The typical input should have the same size and type as the actual inputs we will provide later on. As for the contents of the preparation result, they do not matter. What matters is that it captures everything you need for DI.gradient to be fast:

DI.gradient(f, prep, backend, x)  # fast

3-element Vector{Float64}:
 2.0
 4.0
 6.0

For optimal speed, you can provide storage space for the gradient and call DI.gradient! instead:

grad = similar(x)
DI.gradient!(f, grad, prep, backend, x)  # very fast

3-element Vector{Float64}:
 2.0
 4.0
 6.0

If you also need the value of the function, check out DI.value_and_gradient or DI.value_and_gradient!:

DI.value_and_gradient(f, prep, backend, x)

(14.0, [2.0, 4.0, 6.0])

Multiple arguments

What should you do if your function takes more than one input argument? Well, DI can still handle it, assuming that you only want the derivative with respect to one of them (the first one, by convention). For instance, consider the function

g(x, a, b) = a * f(x) + b

g (generic function with 1 method)

You can easily compute the gradient with respect to x, while keeping a and b fixed. To do that, just wrap these two arguments inside DI.Constant, like so:

typical_a, typical_b = 1.0, 1.0
prep = DI.prepare_gradient(g, backend, typical_x, DI.Constant(typical_a), DI.Constant(typical_b))

a, b = 42.0, 3.14
DI.value_and_gradient(g, prep, backend, x, DI.Constant(a), DI.Constant(b))

(591.14, [84.0, 168.0, 252.0])

Note that this works even when you change the value of a or b (those are not baked into the preparation result).

If one of your additional arguments behaves like a scratch space in memory (instead of a meaningful constant), you can use DI.Cache instead.

Now what if you care about the derivatives with respect to every argument? You can always go back to the single-argument case by putting everything inside a tuple:

g_tup(xab) = xab[2] * f(xab[1]) + xab[3]
prep = DI.prepare_gradient(g_tup, backend, (typical_x, typical_a, typical_b))
DI.value_and_gradient(g_tup, prep, backend, (x, a, b))

(591.14, ([84.0, 168.0, 252.0], 14.0, 1.0))

You can also use the native API of Mooncake.jl, discussed below.

Beyond gradients

Going through DI allows you to compute other kinds of derivatives, like (reverse-mode) Jacobian matrices. The syntax is very similar:

h(x) = cos.(x) .* sin.(reverse(x))
prep = DI.prepare_jacobian(h, backend, x)
DI.jacobian(h, prep, backend, x)

3×3 Matrix{Float64}:
 -0.118748   0.0       -0.534895
  0.0       -0.653644   0.0
 -0.534895   0.0       -0.118748

Mooncake.jl API

Mooncake.jl Functions

Mooncake.jl provides the following core differentiation functions:

Forward mode: Mooncake.value_and_derivative!! - computes function value and the Frechet derivative
Reverse mode: Mooncake.value_and_gradient!! - computes function value and gradient (when output is scalar)
Reverse mode: Mooncake.value_and_pullback!! - computes function value and pullback (general case)

Terminology Comparison with DifferentiationInterface.jl

Mooncake.jl discusses Frechet derivatives and their adjoints, as described in detail in Algorithmic Differentiation.

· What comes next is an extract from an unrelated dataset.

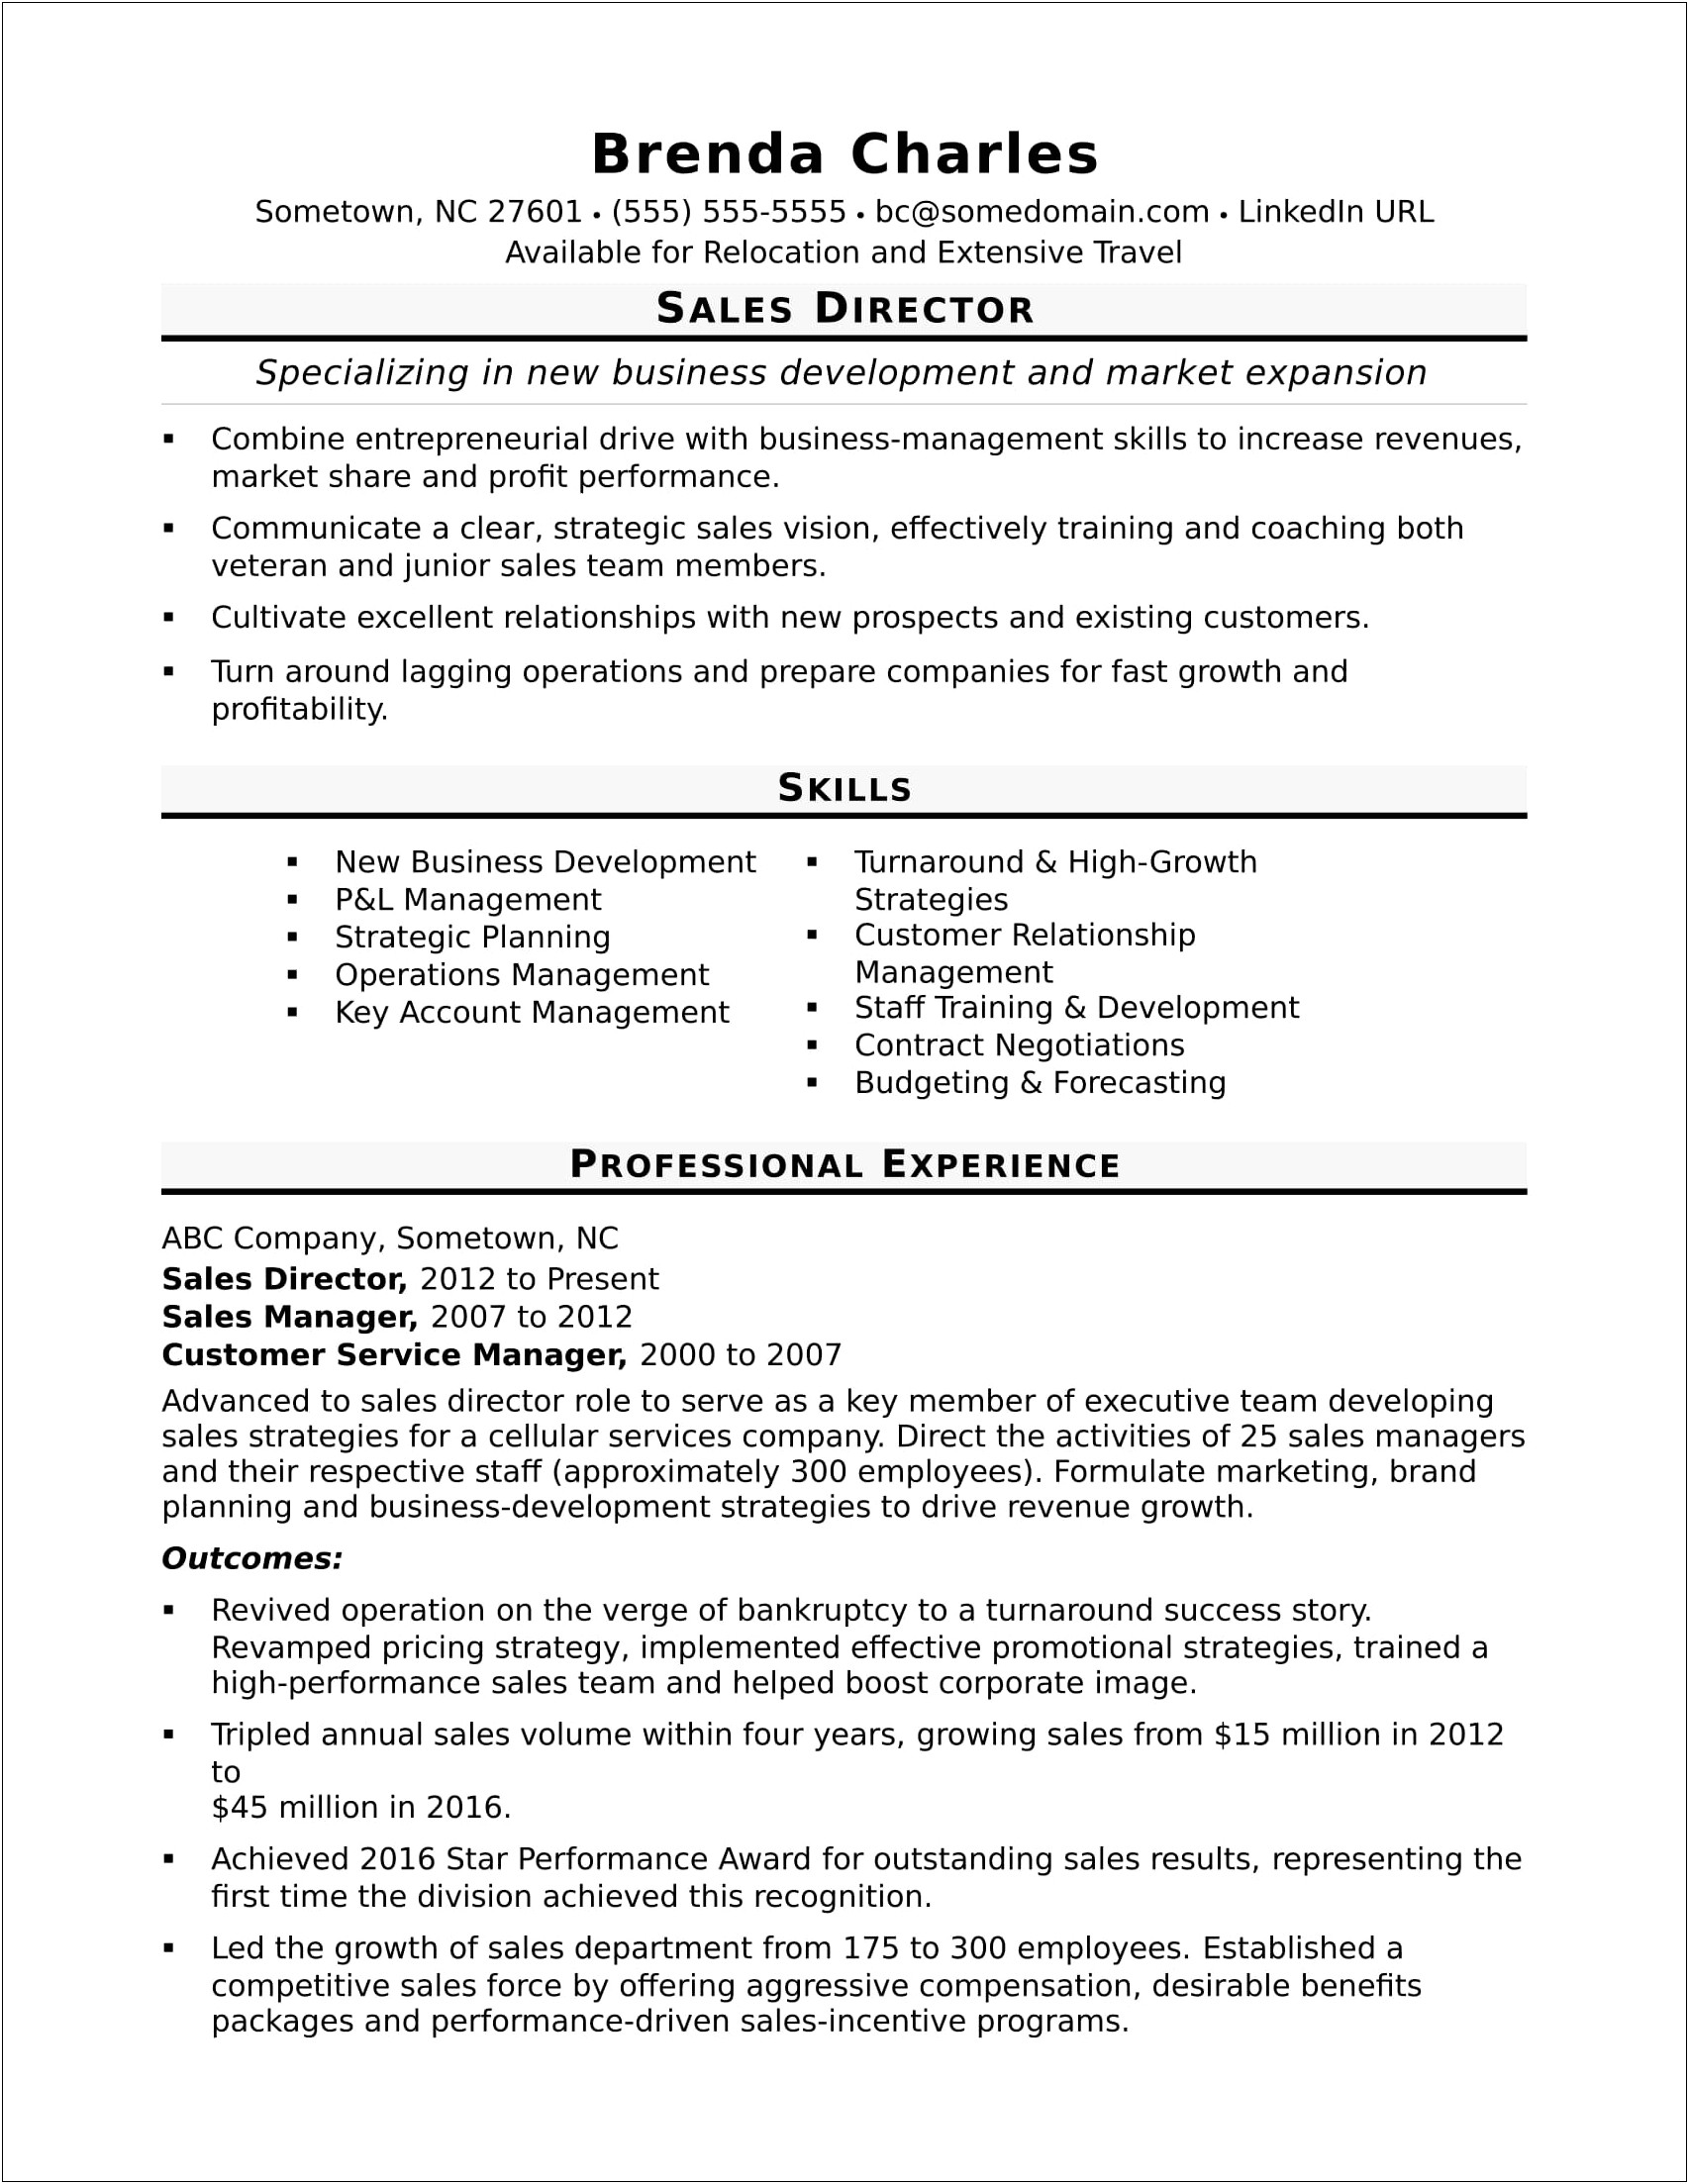 Sample Of Relationship Management Skill On A Resume

This differs from the conventions used by DifferentiationInterface.jl and some other AD packages.

General cases:

Frechet derivative: In forward mode, Mooncake computes the Frechet derivative D f[x], which maps tangent vectors to tangent vectors. This corresponds to what DifferentiationInterface refers to as a "pushforward", and is implemented in Mooncake.value_and_derivative!!.
Adjoint of derivative and pullback: In reverse mode, Mooncake computes the adjoint D f[x]* of the Frechet derivative, which maps cotangent vectors backwards through the computation. This corresponds to what DifferentiationInterface calls a "pullback" and is implemented in Mooncake.value_and_pullback!!.

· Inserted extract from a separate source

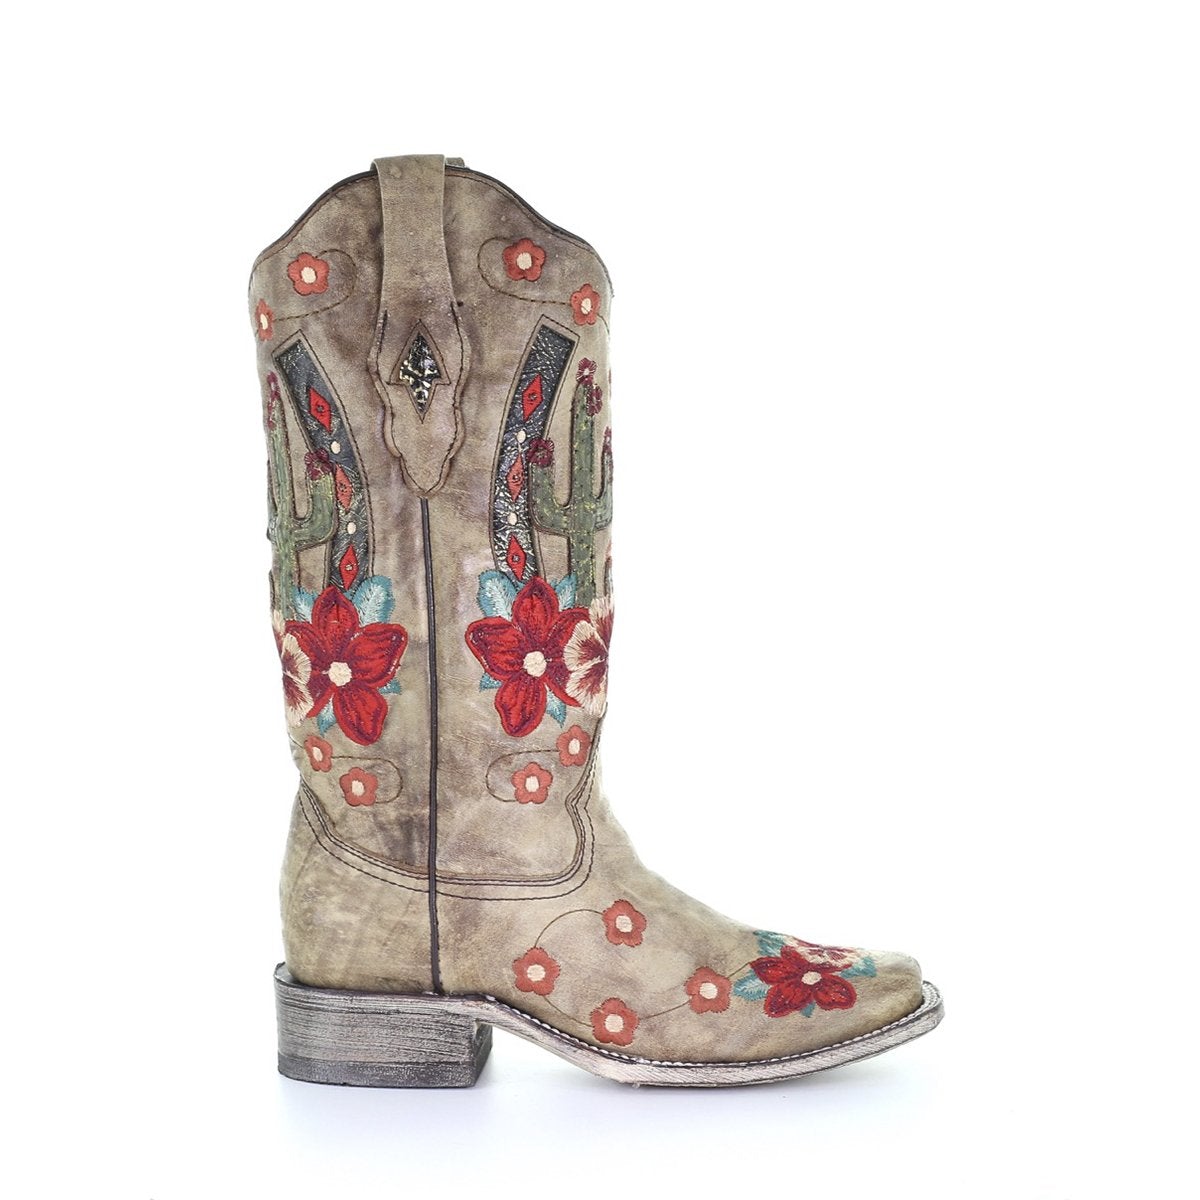 A3769 LD TAUPE CACTUS OVERLAY & FLOWERED EMBROIDERY SQ. TOE-Kuet.us

Special cases (scalar input/output):

Derivative: When the input is scalar, the Frechet derivative f'(x) = D f[x](v) with v = 1 gives the ordinary derivative. This corresponds to DI.derivative, while Mooncake lacks an equivalent API and handles this as a special case of Mooncake.value_and_derivative!!.
Gradient: When the output is scalar, the adjoint of the derivative applied to 1 gives the gradient ∇f. This corresponds to DI.gradient and is implemented in Mooncake.value_and_gradient!!.

Info

For a detailed mathematical treatment of these concepts, see Algorithmic Differentiation, particularly the sections on Derivatives.